Dark Reader is a popular browser extension for Google Chrome which its developer, Alexander Shutov, released for Mozilla Firefox recently.
The basic idea of the extension is to turn any website design to a dark theme design for better readability especially at night when too bright sites become harder to look at.
Dark themes are quite popular and users who want to use them on sites have multiple options. Common options include installing extensions or userstyles for the purpose.
Dark Reader is an open source extension that is available for Chrome and now also for Firefox.
Dark Reader changes the color scheme of any site you visit to a dark one by default. It adds an icon to Firefox’s toolbar which you can activate to interact with the extension.
You can toggle the functionality on the activate site or disable the extension’s functionality there.
The extension supports two main modes: the first changes the theme of any site automatically to a dark one while the second does not. It switches to a dark theme only for selected sites that you have whitelisted in the program options.
Dark Reader comes with the handy shortcut Alt-Shift-A to add sites to that list.

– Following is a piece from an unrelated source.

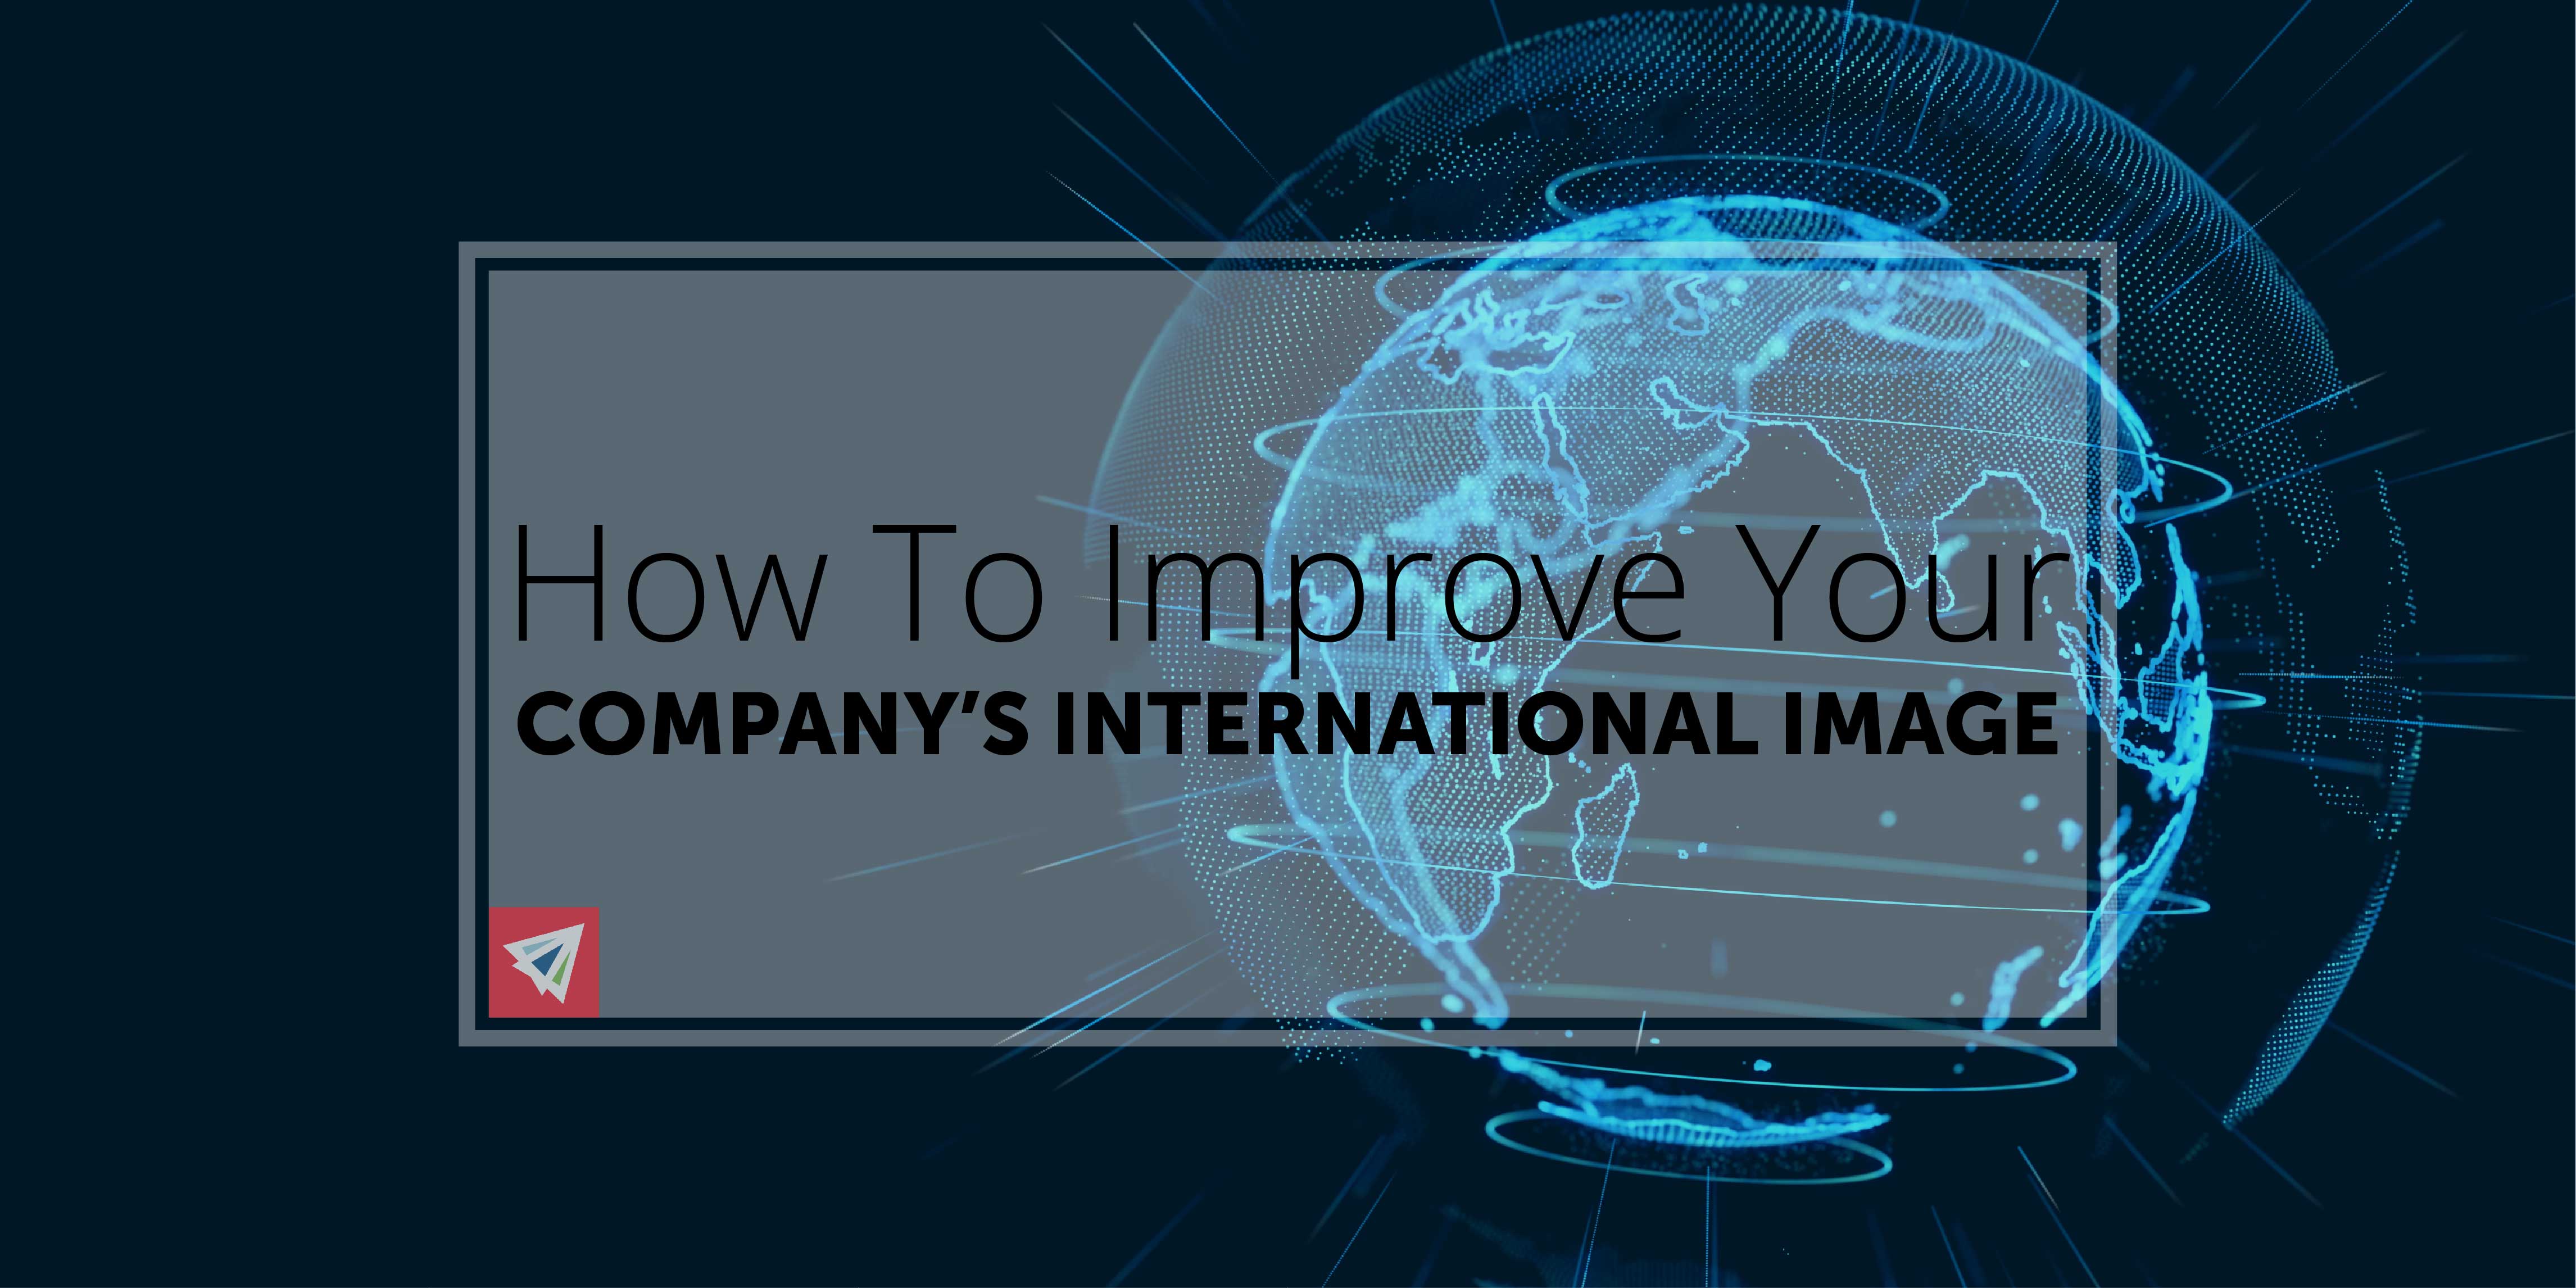 How To Improve Your Company's International Image

This shortcut does not work properly in Firefox however as the Alt-key is mapped to the menu bar. So, instead of adding a site to the Dark Reader listing, you open the Firefox menu bar instead.
Considering that this is the first version for Firefox, it is probably only a matter of time before this gets fixed.

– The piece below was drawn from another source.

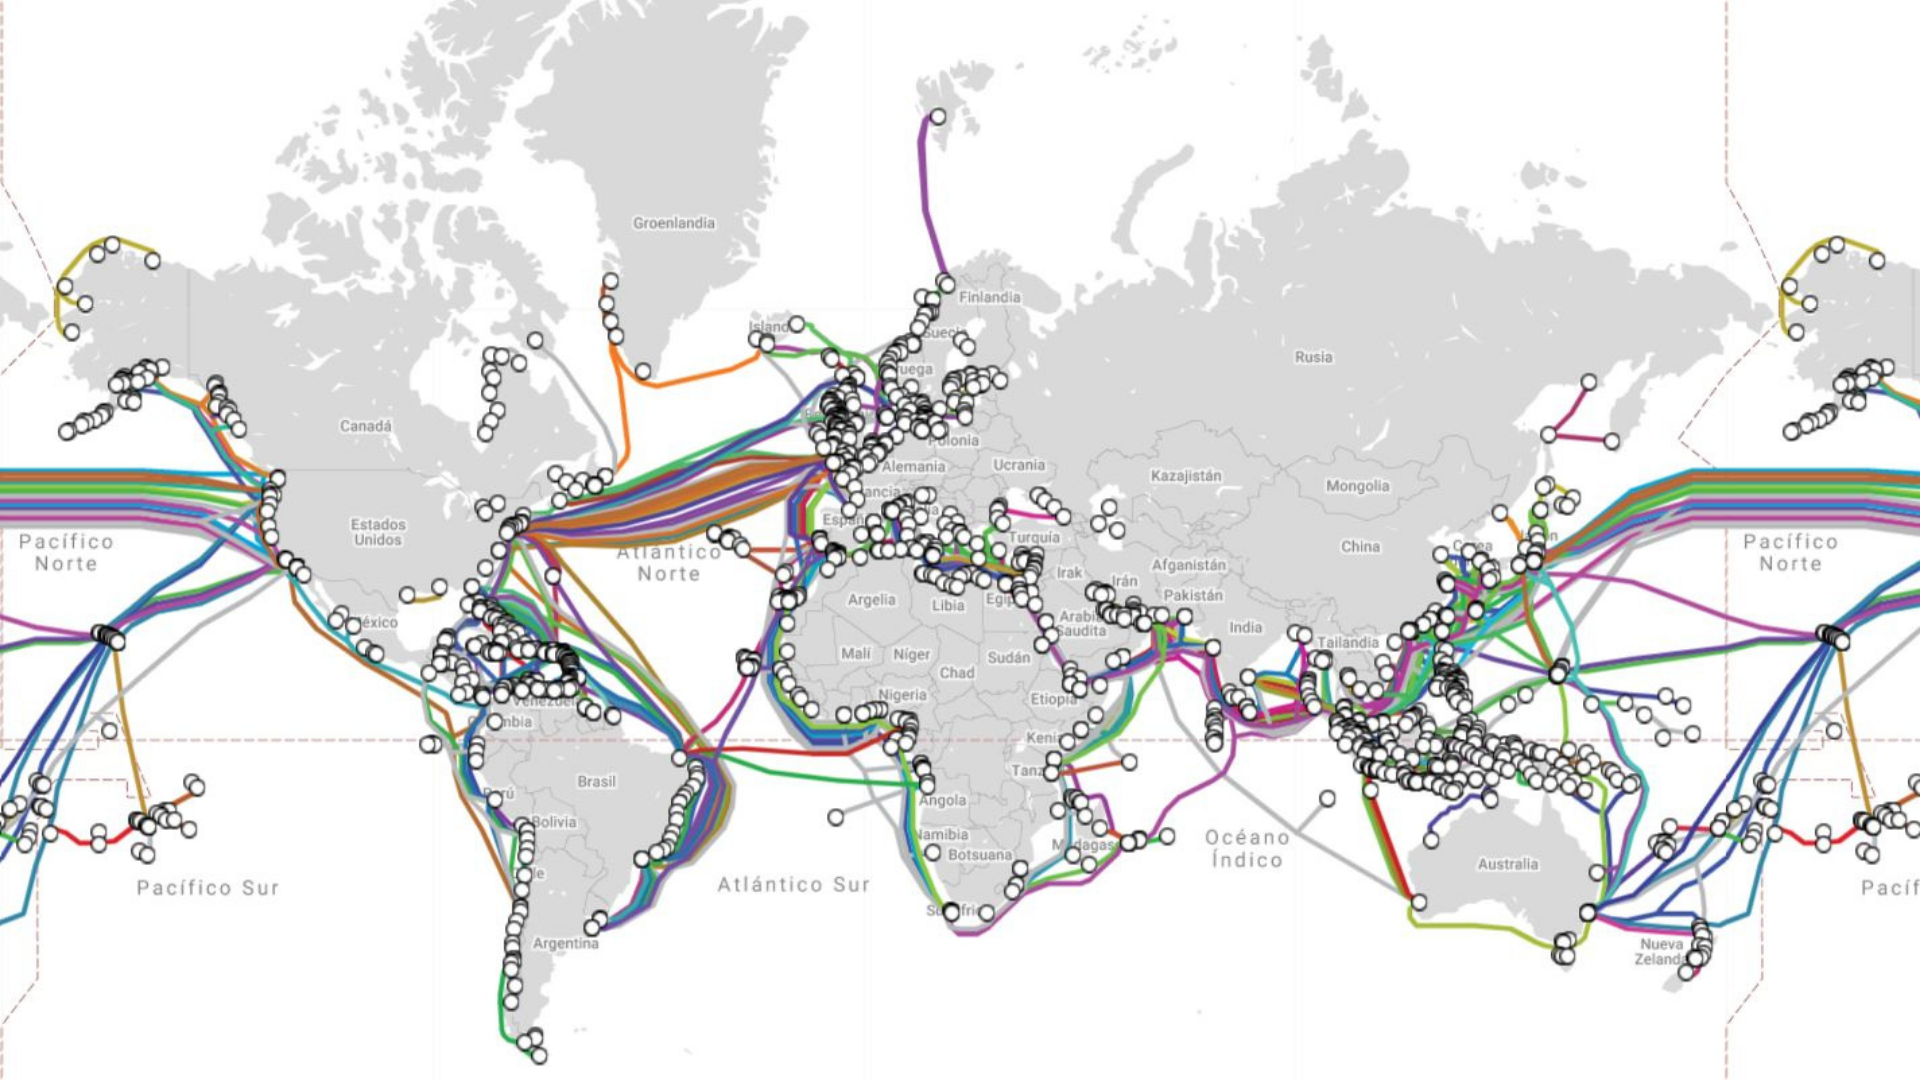 Current map of submarine cables in the world, about 430 in total.

Dark Reader displays some customization options when you activate the menu. You can switch between dark and light mode, and can change brightness, contrast, grayscale and sepia values individually.
A switch to the font menu displays options to change the font type but not other font related values such as size.
The final tab, sites list, lists all sites that you added to the extension. There you may also switch from “apply the dark theme to all sites” to “apply it only to sites that I have added”.
The dark layer that the extension applies to sites works fine on most sites you visit. If a site needs work in particular, you can either disable it so that it won’t get the dark theme treatment, or report the issue to the developer in hope that he will address the issue in future versions.
Obviously, you could also install a userscript or userstyle for particular sites and use these in combination with Dark Reader.
Dark Reader is a powerful extension that brings a dark mode to any site you visit in Firefox and Chrome. It features the right level of control with its ignore or whitelist only approach to things.
Now You: Do you apply dark themes to sites?